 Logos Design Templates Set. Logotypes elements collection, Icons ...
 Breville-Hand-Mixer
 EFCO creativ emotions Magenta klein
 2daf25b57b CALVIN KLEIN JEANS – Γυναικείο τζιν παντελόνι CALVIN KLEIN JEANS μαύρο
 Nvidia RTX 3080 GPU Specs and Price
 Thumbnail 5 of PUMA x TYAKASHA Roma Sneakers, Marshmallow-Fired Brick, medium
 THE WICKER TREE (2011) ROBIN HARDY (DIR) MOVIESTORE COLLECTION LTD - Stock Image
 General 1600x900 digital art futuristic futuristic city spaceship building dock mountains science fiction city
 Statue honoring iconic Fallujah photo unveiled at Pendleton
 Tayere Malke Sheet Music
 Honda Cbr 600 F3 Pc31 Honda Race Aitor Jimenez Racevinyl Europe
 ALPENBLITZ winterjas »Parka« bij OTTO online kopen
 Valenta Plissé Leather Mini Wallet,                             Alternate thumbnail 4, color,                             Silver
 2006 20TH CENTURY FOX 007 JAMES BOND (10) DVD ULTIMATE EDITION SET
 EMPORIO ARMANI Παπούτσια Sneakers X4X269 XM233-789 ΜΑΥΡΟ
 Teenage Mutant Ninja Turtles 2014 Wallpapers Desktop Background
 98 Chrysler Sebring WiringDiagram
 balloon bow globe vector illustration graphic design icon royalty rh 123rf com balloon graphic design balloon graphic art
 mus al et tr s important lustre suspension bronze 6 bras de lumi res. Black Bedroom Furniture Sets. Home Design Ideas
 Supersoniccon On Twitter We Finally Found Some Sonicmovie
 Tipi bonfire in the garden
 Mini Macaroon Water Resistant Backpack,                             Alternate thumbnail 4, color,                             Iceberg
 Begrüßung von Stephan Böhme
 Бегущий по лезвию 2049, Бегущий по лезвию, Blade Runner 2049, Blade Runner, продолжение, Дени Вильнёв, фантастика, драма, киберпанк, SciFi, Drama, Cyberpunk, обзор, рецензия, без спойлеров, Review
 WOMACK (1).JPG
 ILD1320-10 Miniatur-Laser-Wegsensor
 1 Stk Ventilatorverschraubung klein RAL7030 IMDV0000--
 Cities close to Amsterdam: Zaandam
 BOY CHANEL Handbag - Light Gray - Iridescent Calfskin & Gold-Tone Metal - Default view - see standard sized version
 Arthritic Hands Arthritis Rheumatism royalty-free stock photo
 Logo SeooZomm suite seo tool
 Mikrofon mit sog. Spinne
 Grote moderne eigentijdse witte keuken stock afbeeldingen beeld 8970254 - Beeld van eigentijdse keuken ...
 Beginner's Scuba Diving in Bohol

### Work task:
Above this instruction are the records; retype exactly the lines from the one containing "Breville-Hand-Mixer" up to and including the one containing "Thumbnail 5 of".

### Task answer:
 Breville-Hand-Mixer
 EFCO creativ emotions Magenta klein
 2daf25b57b CALVIN KLEIN JEANS – Γυναικείο τζιν παντελόνι CALVIN KLEIN JEANS μαύρο
 Nvidia RTX 3080 GPU Specs and Price
 Thumbnail 5 of PUMA x TYAKASHA Roma Sneakers, Marshmallow-Fired Brick, medium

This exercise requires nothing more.